The operation of apparatus 320 is as follows. Lower jaw 328 is initially retracted by jaw open actuator 388c, and controller 338 is programmed as desired. Also, the apparatus 320 is otherwise readied for use, such as by threading flexible strip supply 342 around strip advancing mechanism 332, threading staple wire supply 394 around stapler mechanism 336, and threading tag supply 348 around tag advancing mechanism 334.
A plant branch 330 is positioned in surface 326a of upper jaw 326. Foot switch 339 is then actuated, which causes controller 338 to actuate strip indexer actuator 384c to advance strip 342, actuate wire feed actuator 385c to advance wire 394, and actuate tag indexer actuator 386c to advance tags 348. Thus, a section of flexible strip 340 extends around jaw surfaces 326a and 340b and around branch 330 to a position adjacent a tag 346. Stapler actuators 390c and 391c are actuated so that a staple 356 is cut from wire 394, is formed into an inverted U shape, and is stapled into items 340a, 346 and 340b to secure same together.
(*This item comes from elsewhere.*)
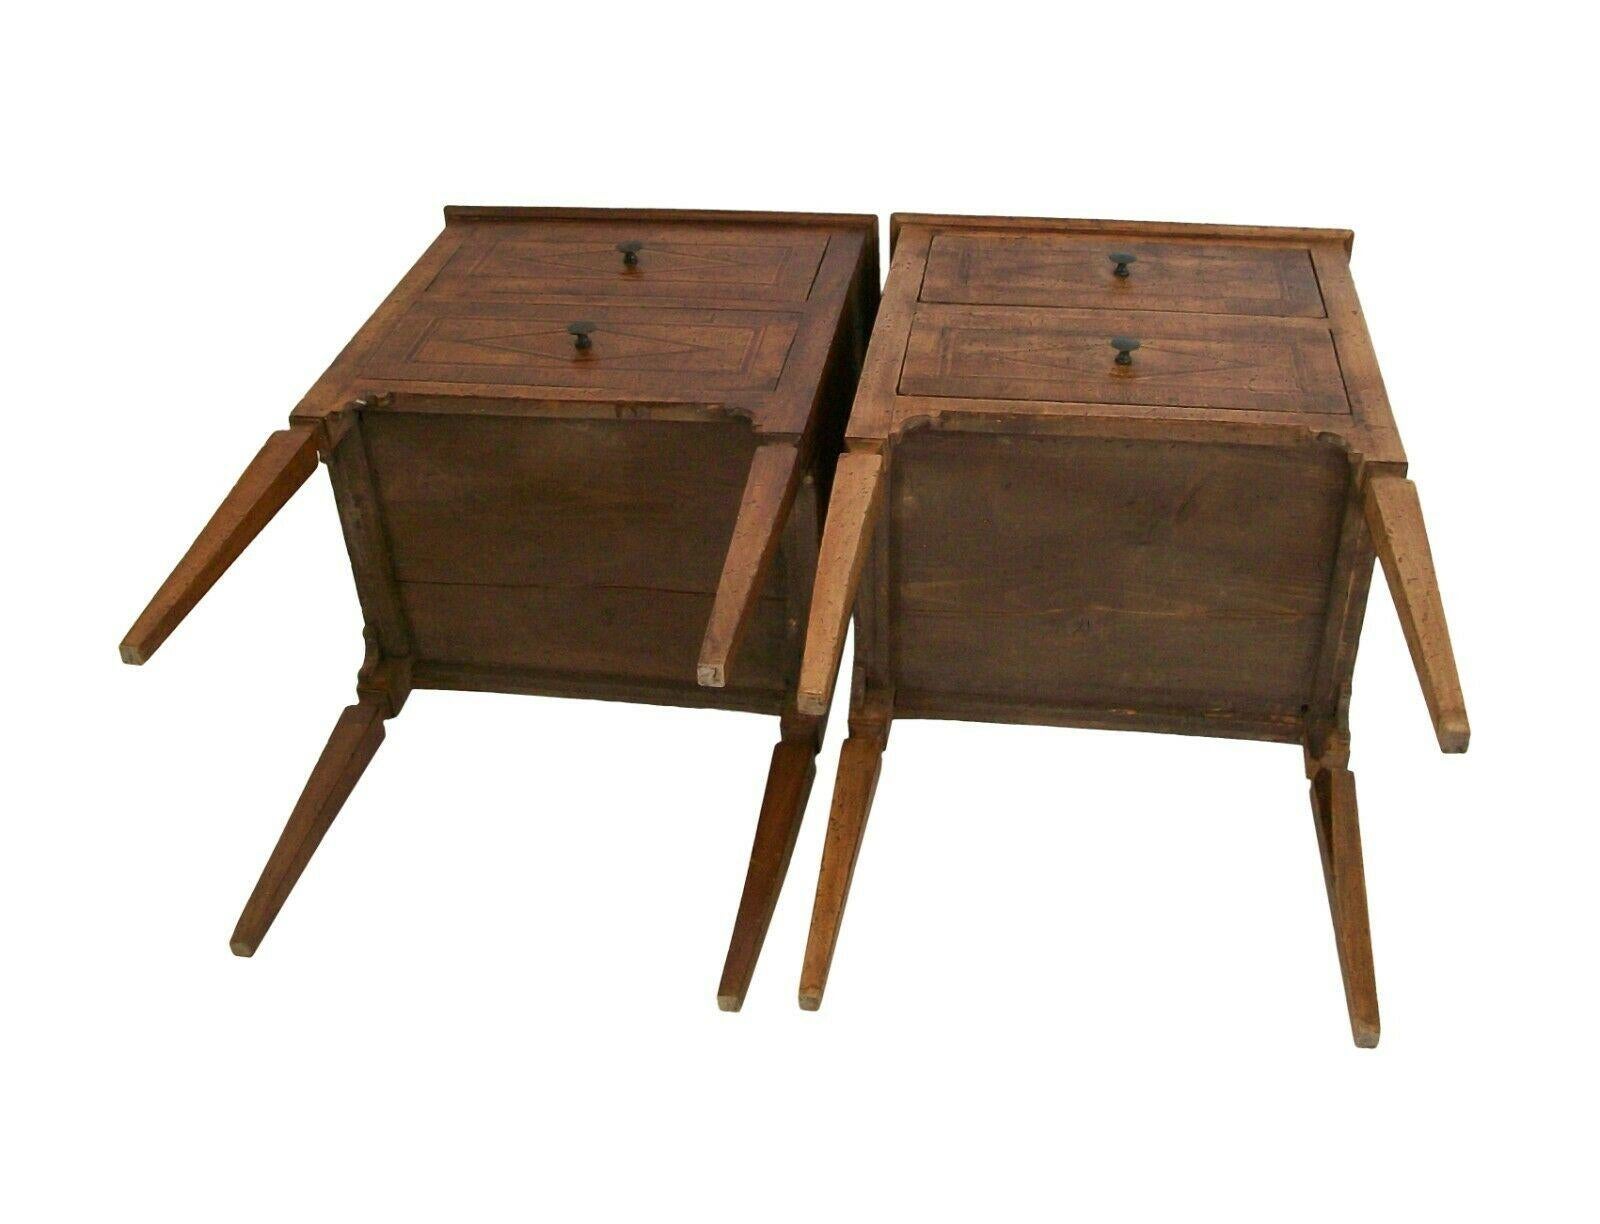 North Italian Antique Pair of Walnut Neoclassical Bedside Tables, Circa 1820 For Sale 2

Die clamp actuator 387c is also actuated to close embossing die 358 onto a "later" tag 346 and to operate tag cutter 350 to sever the tag 346 located in jaws 326/328 from tag supply 348. Jaw open actuator 388c is then actuated to release plant branch 330, which branch now is tagged by looped section 340 and tag 346.
In the foregoing description it will be readily appreciated by a person skilled in the art that modifications may be made to the invention without departing from the concepts disclosed herein. Such modifications are to be considered as included in the following claims unless these claims by their language expressly state otherwise. The scope of the invention is intended to be limited only by the scope of the appended claims as interpreted according to the principles of patent law including the Doctrine of Equivalents.